In terms of animal intellect, this study sets new standards.

Many examples of animals in the animal kingdom possess mathematical prowess, including some fish that can count, bees that can distinguish between odd and even numbers, and, more recently, giraffes that can make judgments based on statistical data.

A new study has just concluded examining the ability of four giraffes (Giraffa camelopardalis) in the Barcelona Zoo. It is thought that this skill, found in primates and parrots and a highly developed cognitive function, results from the animals’ huge brains in relation to their physical size. Smaller-brained species, like these giraffes, have not yet been subjected to testing.

Two pictures of giraffes next to each other showing them choose a carrot or zucchini piece as part of the experiment.

Just because they have smaller brains doesn’t mean they’re bad at stats. Image credit: Alvaro L Caicoya

The researchers gave the giraffe two treatment options, both held in a closed fist and concealed from the animal. The two snacks were taken out of transparent boxes that contained varying amounts of favored carrot sticks and less desired zucchini sticks. Despite being able to look inside the containers, neither of the four giraffes could determine what kind of food was in the researcher’s closed fist.



Under other circumstances, the containers contained treats in varying ratios, either 20 carrots and 100 zucchini or 100 carrots and 20 zucchinis. Next, 20 carrots and 100 zucchinis were combined in one container, and 20 carrots and 4 zucchinis were combined in the other. 57 carrots and 63 zucchinis were spotted in one container, and 3 carrots and 63 zucchinis were visible in the other container in the final form.
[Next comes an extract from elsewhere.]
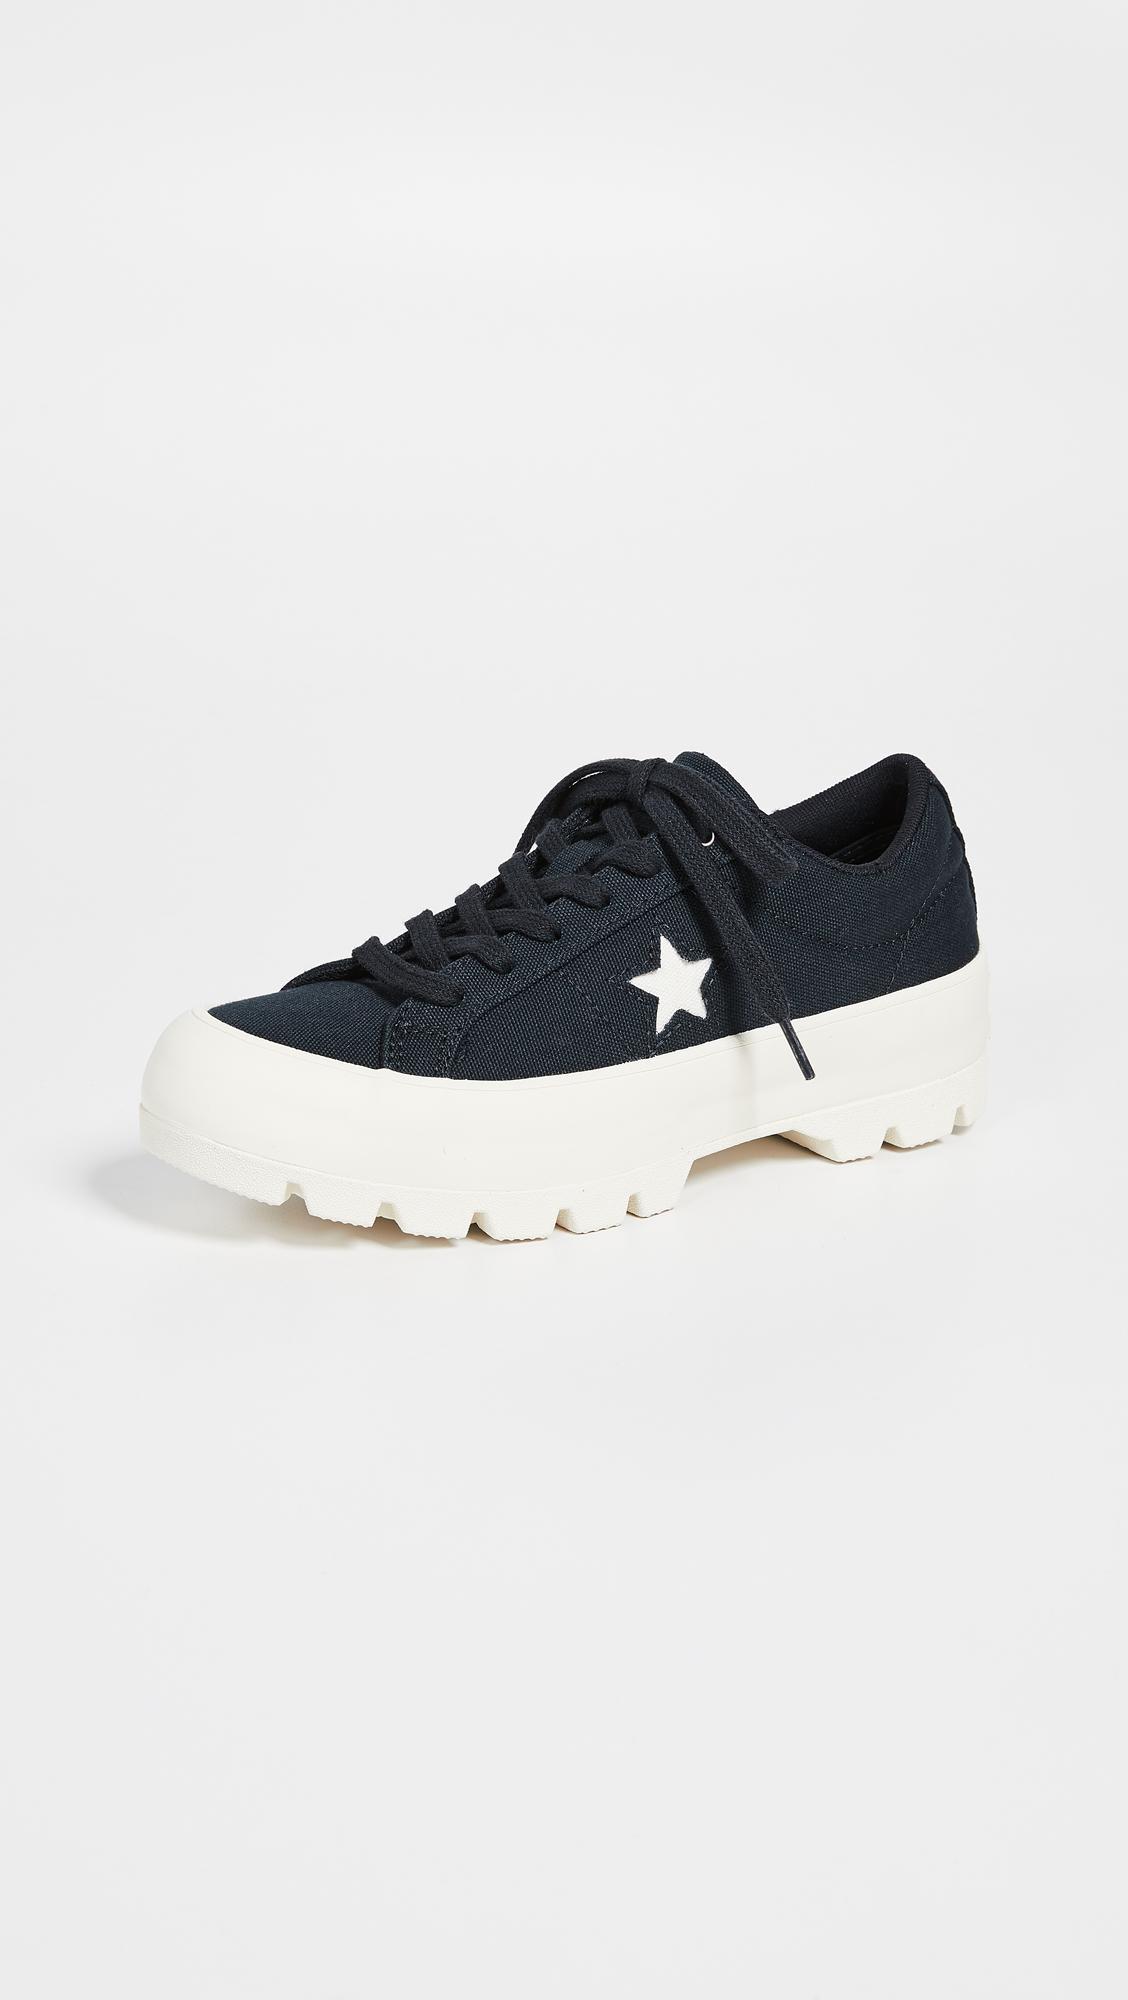 e8ba0b5ecc9721 ... One Star Lugged Ox Sneakers - Lyst. View fullscreen

In the second stage of the experiment, a barrier was placed in the middle of the containers so that while the giraffes were selecting which closed hand to pick, they could only view the top portion of the container. The goal was to see if the giraffes could choose which treat to choose using statistical inference and their knowledge of physical obstacles.

The giraffes successfully selected the reward from the container with the largest percentage of their preferred snack. The scientists also discovered that the giraffes were fairly quick in their decision-making, choosing the right container in at least 17 out of the 20 trials in an average of just 1.2 sessions. The average number of sessions required by keas, a parrot species with a far higher brain-to-body ratio, was 3.9.

Overall, the results indicate that giraffes can display statistical reasoning abilities in a way similar to those of primates. The researchers believe that having large brains is unnecessary for this highly developed cognitive function and complicated statistical skills. In addition, they propose that, contrary to earlier hypotheses, the capacity for statistical inference may be more common in the animal kingdom.